Potential predictor variables were chosen based on the life history of the species, and included land-cover metrics, topography, and anthropogenic features for a total of 15 predictors (Table 1). Our models were partially limited by the availability of consistent quality land-cover data throughout the range. We used three different sets of land-cover data based on which land-cover data set was determined as best for each state by the state representatives. We began with National Land Cover Dataset (NLCD) vegetation classes for all states (Fry et al. 2011), focusing on shrubland, grassland/herbaceous, and pasture/hay classes as important, but because of errors in this dataset we replaced it for Texas and New Mexico. For Texas, we used the Texas Ecological Systems Classification Project data set (Elliot et al. 2014); for New Mexico, we used the southwest regional gap analysis project land cover (USGS National Gap Analysis Program 2004). We also included a metric quantifying the amount of land in the conservation reserve program (CRP), because this land-use type has been important in previous models (Jarnevich and Laubhan 2011).

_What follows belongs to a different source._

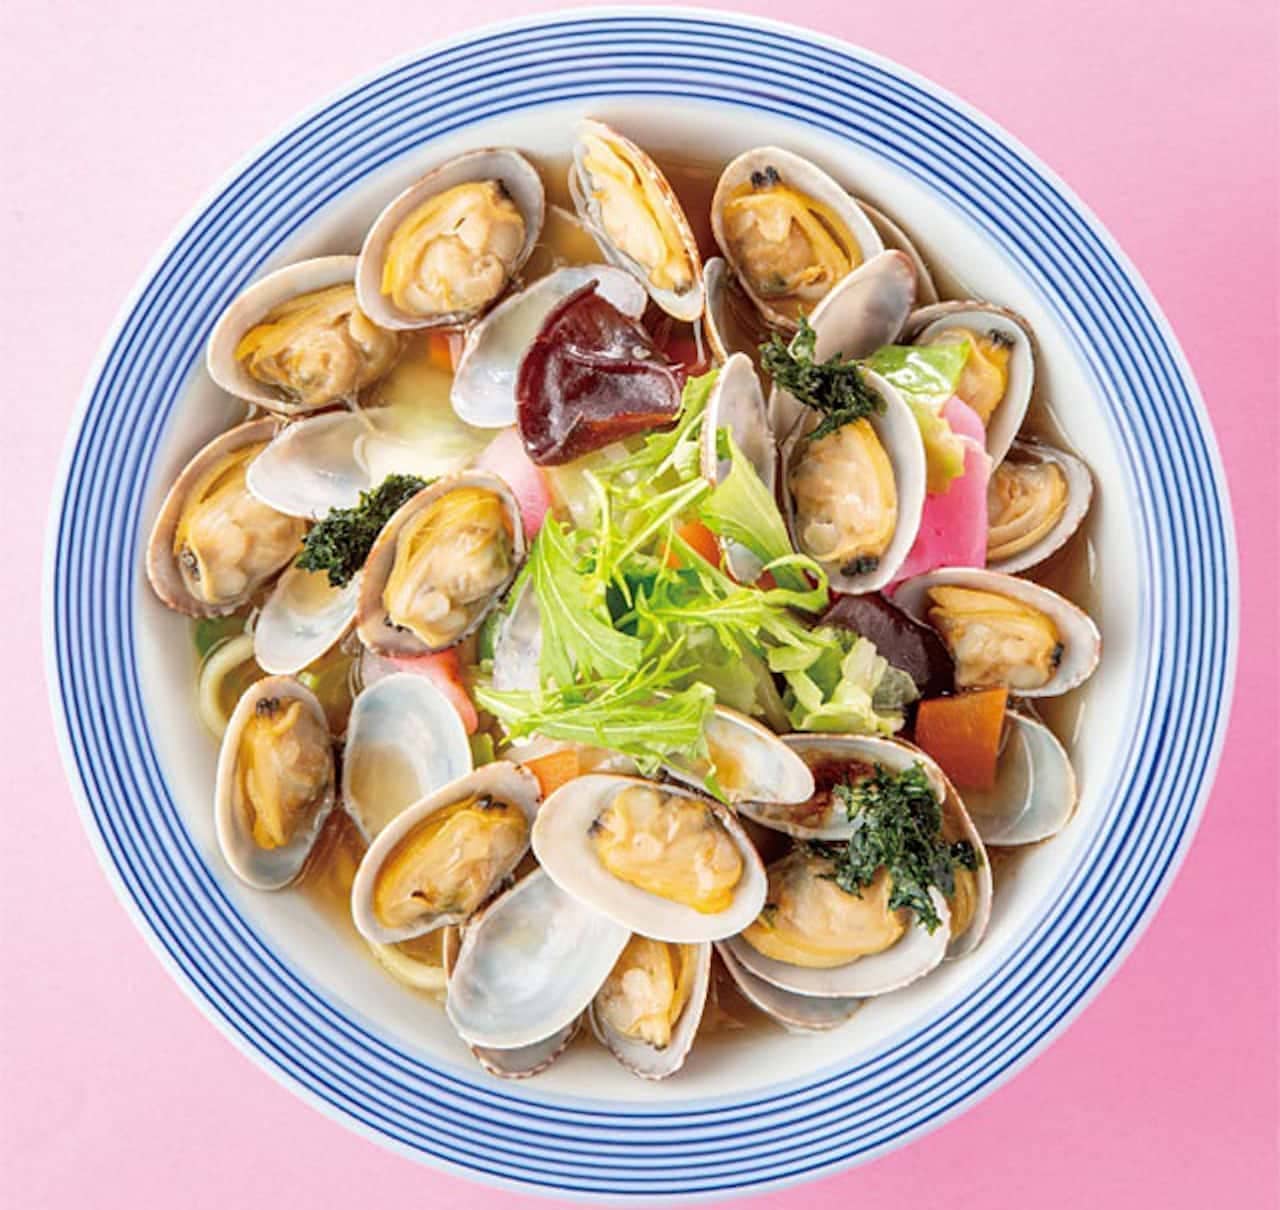 "Champon with plenty of clams" in Ringer Hut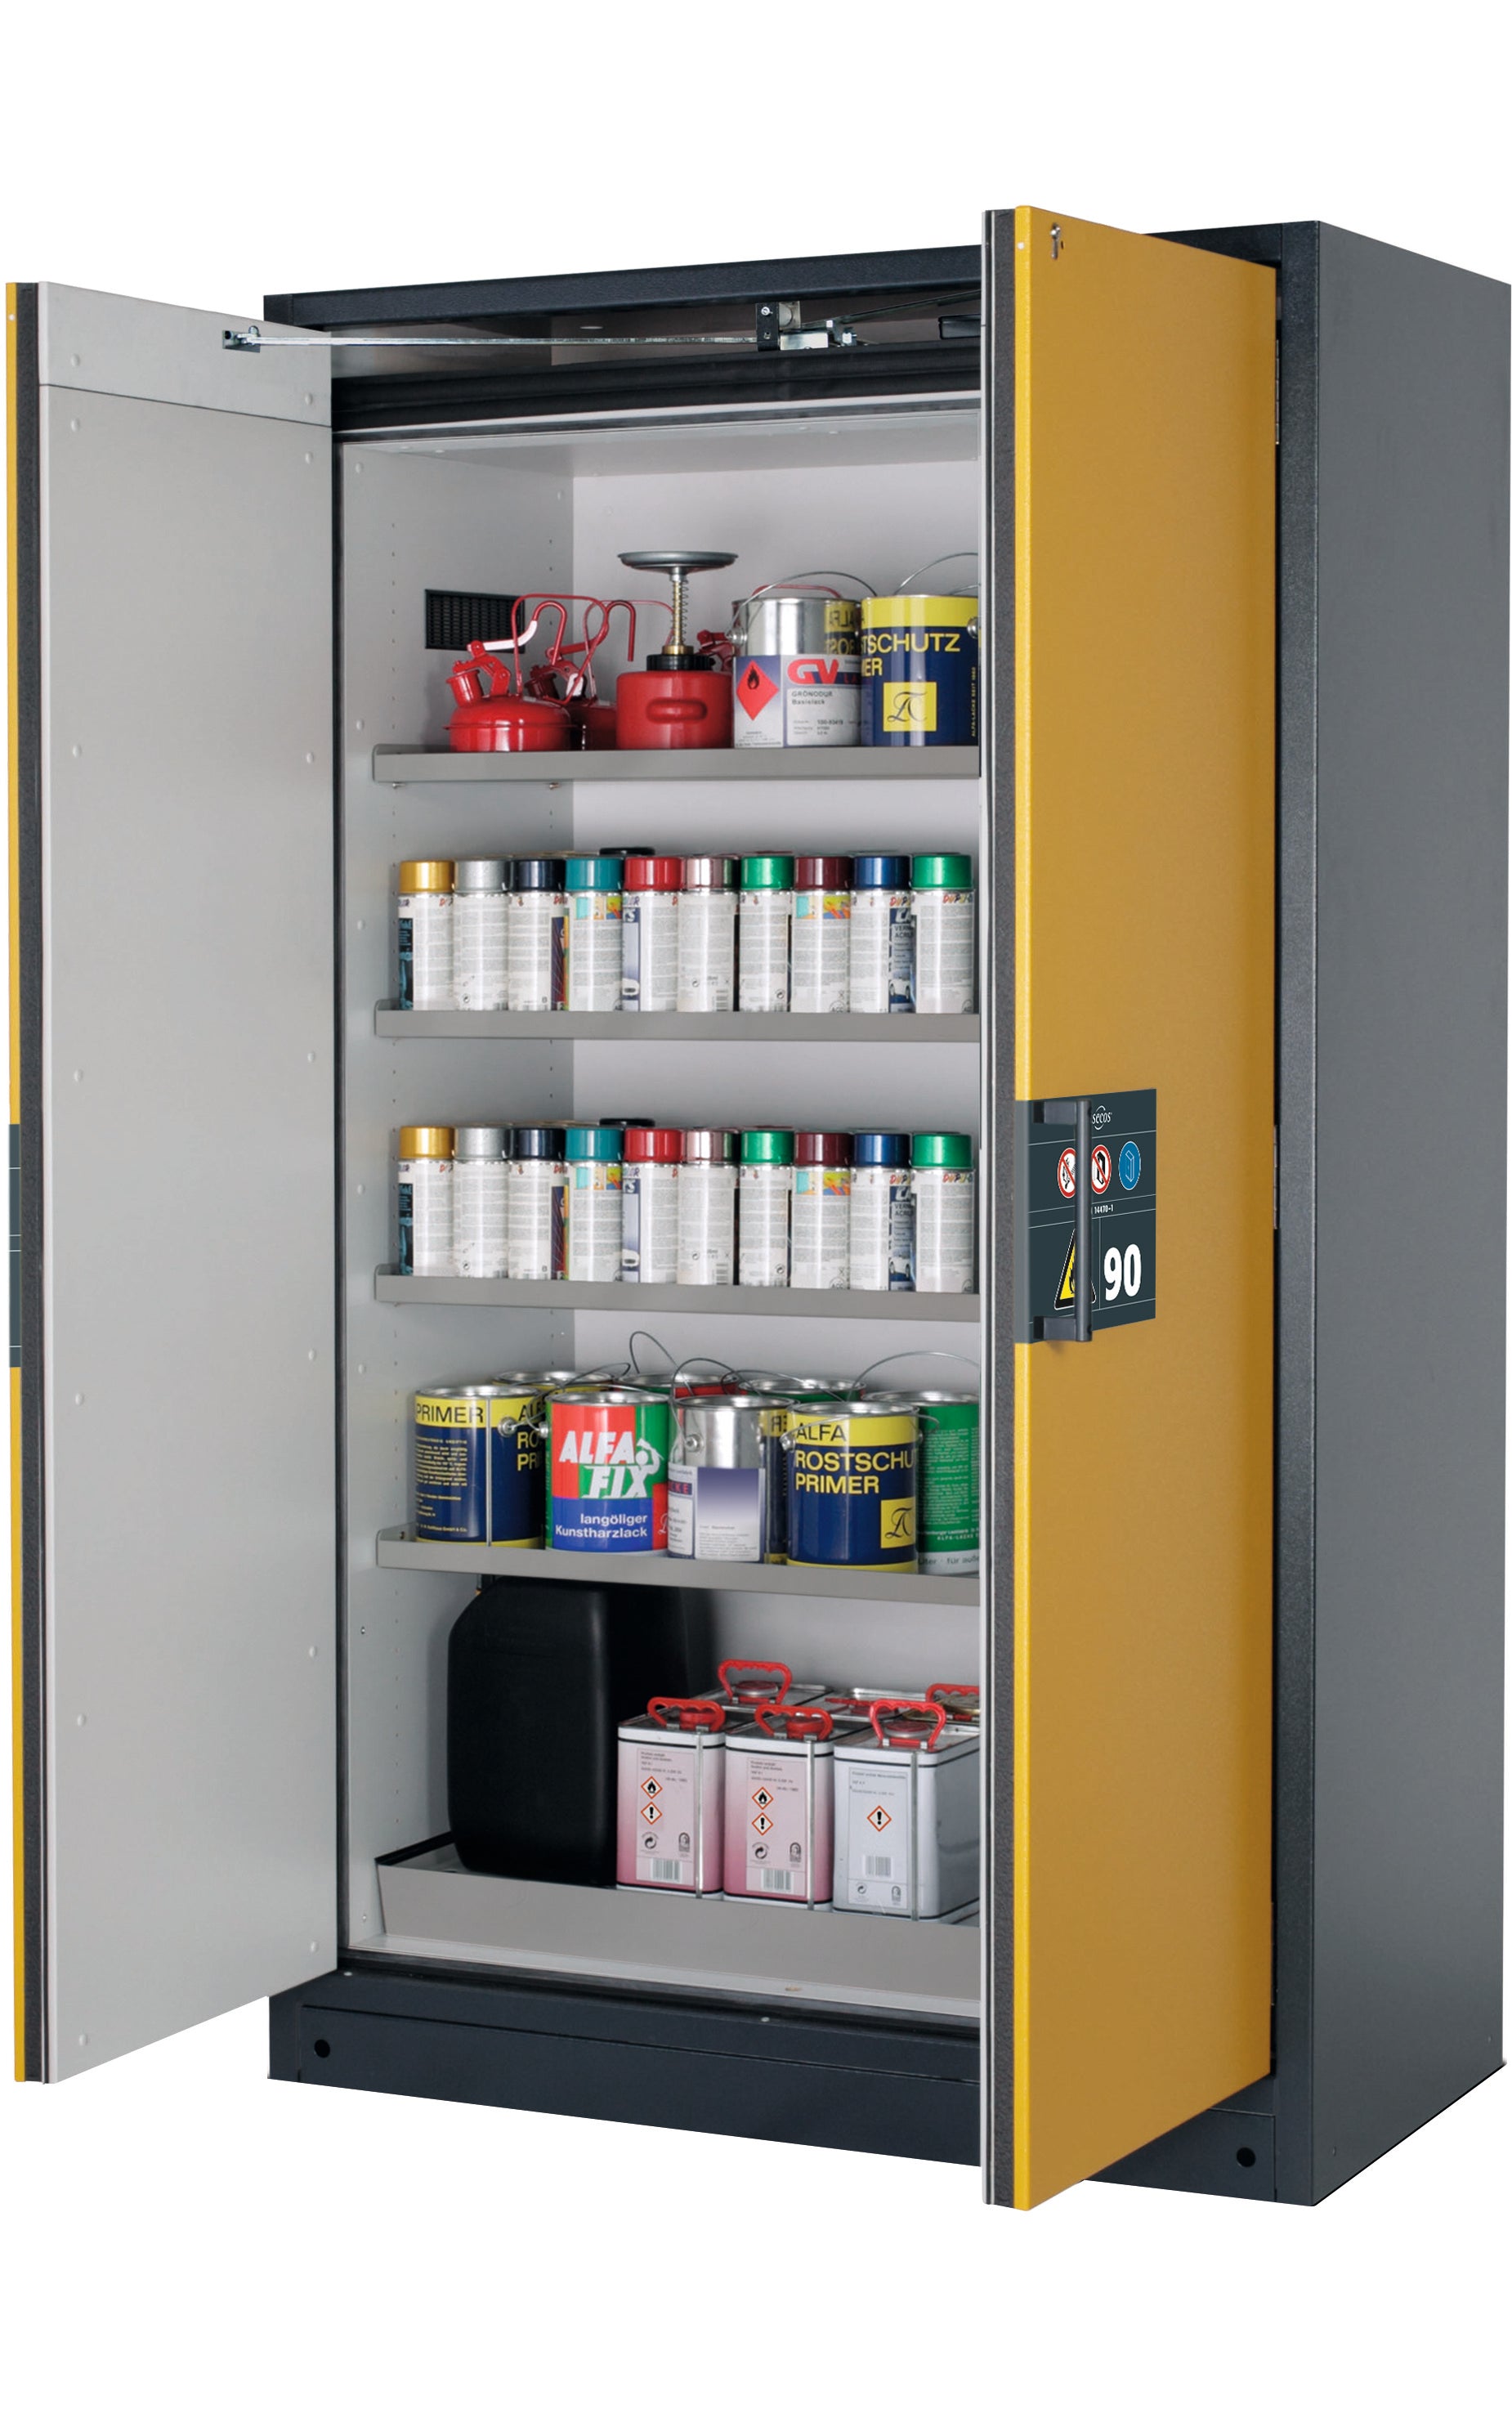 Type 90 safety storage cabinet Q-PEGASUS-90 model Q90.195.120.WDAC in warning yellow RAL 1004 with 4x shelf standard (stainless steel 1.4301),

Because of the large number of land-cover classes, the quality of the classifications at a fine thematic scale, and our interest in the spatial context of location, experts from each state classified their land cover into known or suspected used and unused classes based on annual lek surveys and monitoring data (see Appendix 1 for more details and a list of the classes). To explore what landscapes may be important to the occurrence of leks, we created vegetation predictors of percent known used, percent suspected used, and percent CRP summarizing a 1600 m diameter neighborhood and a 5000 m diameter neighborhood around each location. These distances cover the range in reported area around leks used by Lesser Prairie-Chickens (newer estimate around 1.5 km from Pitman et al. 2006, Boal and Pirius 2012, and Grisham et al. 2014 to older estimates of 4.8 km used by Fuhlendorf et al. 2002). Known used consisted of vegetation broadly classified as “shrubland, steppe and savanna systems” while suspected used consisted of vegetation broadly classified as “grassland systems” (Appendix 1). Introduced grasses also contributed to the two categories. We collapsed known used and suspected used into a single predictor after preliminary runs, resulting in a single land-cover variable represented by percent of area within 5000 m with land cover classified as either known used or suspected used (see Appendix 2). We created predictors for well density using counts of active wells in an 800 m and 1600 m diameter neighborhood around the locations, which we later restricted to a 1600 m area based on preliminary runs (Table 1; see Appendix 2). These distances were based on expert opinion and the set back recommendations from anthropogenic features in Hagen et al. (2011). Other anthropogenic variables included distance to active wells, roads, highways, transmission lines, tall structures, and landscape condition (a measure of human impact integrating several anthropogenic factors; Table 1). Additional predictors included topographic ruggedness index (a measure of topographic heterogeneity in the region around a focal cell), state, and enhanced vegetation index (EVI; a spectral vegetation index that calculates photosynthetically active vegetation while accounting for effects from atmospheric and soil influences; Huete et al. 2002). All predictors were created at a 210 m resolution to match decisions regarding the minimum mapping unit for modeling leks as described in Table 1.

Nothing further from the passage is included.